Howard Dean puts George W. Bush on the couch:

This president is not interested in being a good president. He's interested in some complicated psychological situation that he has with his father. He is obsessed with being re-elected, and his obsession with re-election is hurting the country.

Dean sounds crazy. He’s acting crazy, too:

Former President Jimmy Carter will offer support for Democratic White House hopeful Howard Dean in a joint appearance in Georgia on the eve of the Iowa caucuses, campaign aides said on Tuesday.
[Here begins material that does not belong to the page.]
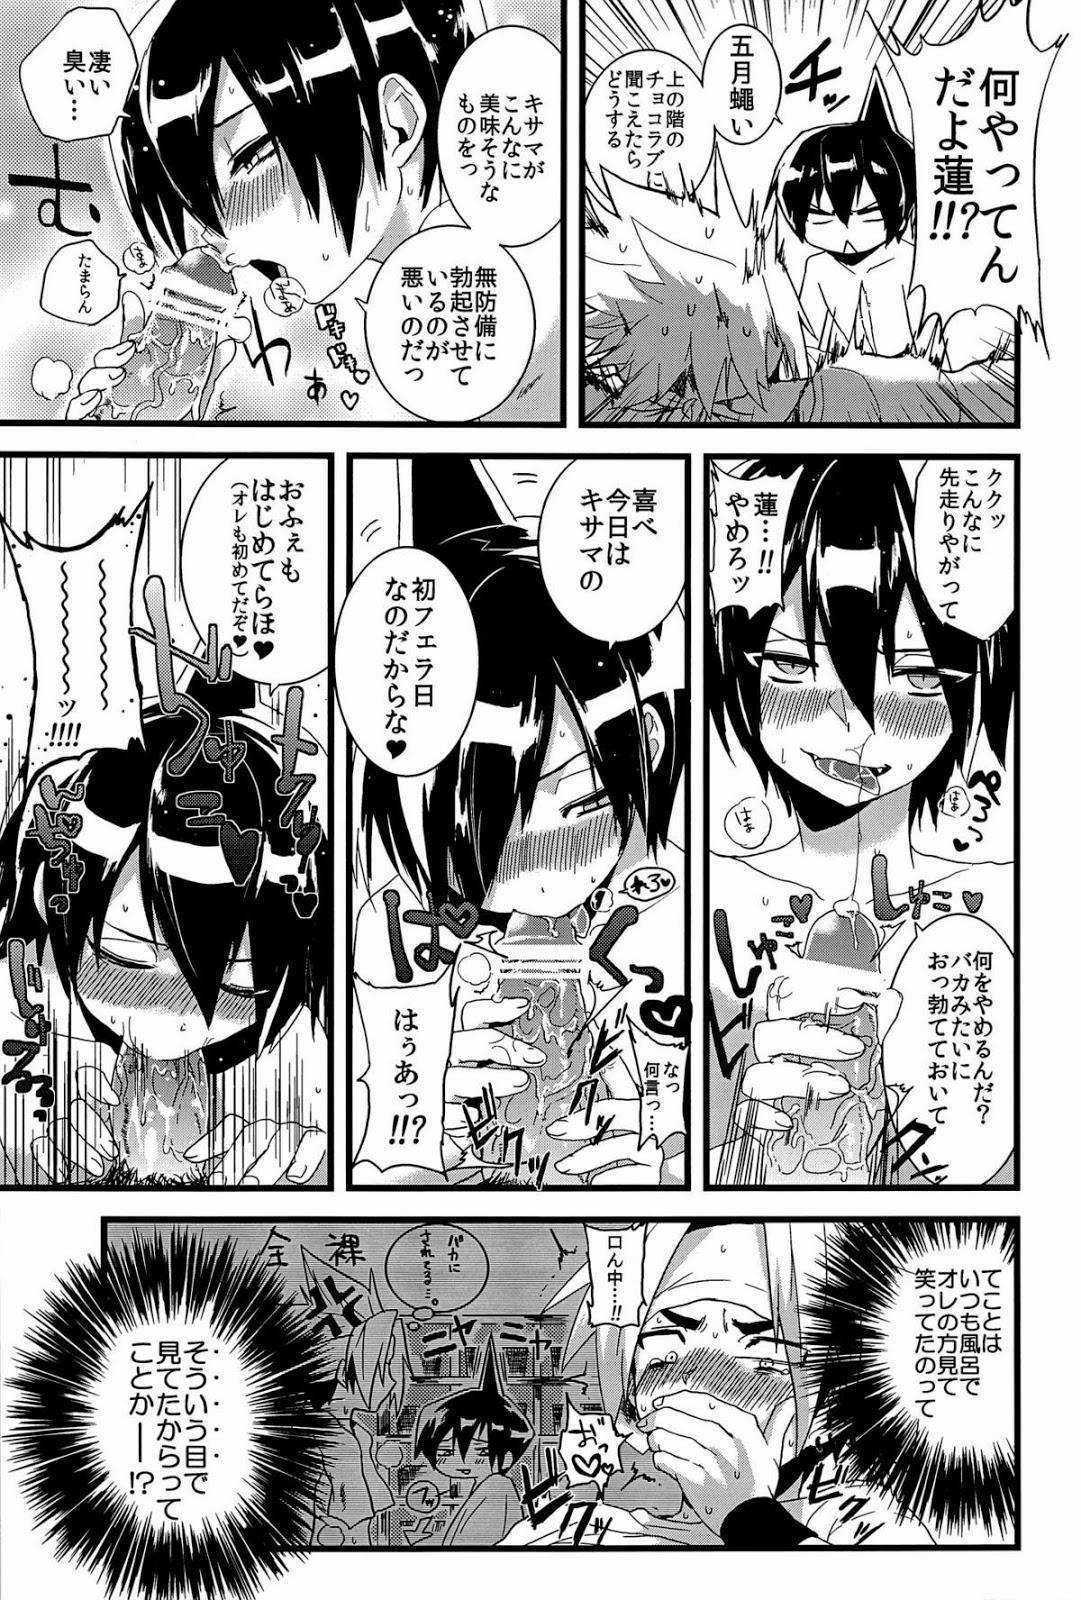 Kisama no Hajimete Ore no Mono! 4

An appearance with Carter? Maybe Dean is obsessed with losing the election. In other campaign news, MoveOn.org’s anti-Bush advertising contest receives a positive review:

"I think the contest has been very effective," says Whit Ayres, a Republican media consultant. "Effective for George Bush. It reinforces the view that those opposed to Bush are incredibly strident, leftwing and out of bounds. At the end of the day, the Hitler ad is all people will remember about this."

UPDATE. Drudge has a partial transcript from MoveOn’s big contest awards night. First prize for incoherent paranoia goes to actress Julia Stiles:

I was worried that some soldiers over in Iraq who are actually younger than I am would see some salacious report on MSNBC and think that I was attacking them and not the government that put them there. And I was afraid that Bill O'Reilly would come and, with a shotgun at my front door and shoot me for being unpatriotic. But I decided that that's actually, that fear that was silencing me is actually why it's so important that MoveOn exist and do this ad contest ...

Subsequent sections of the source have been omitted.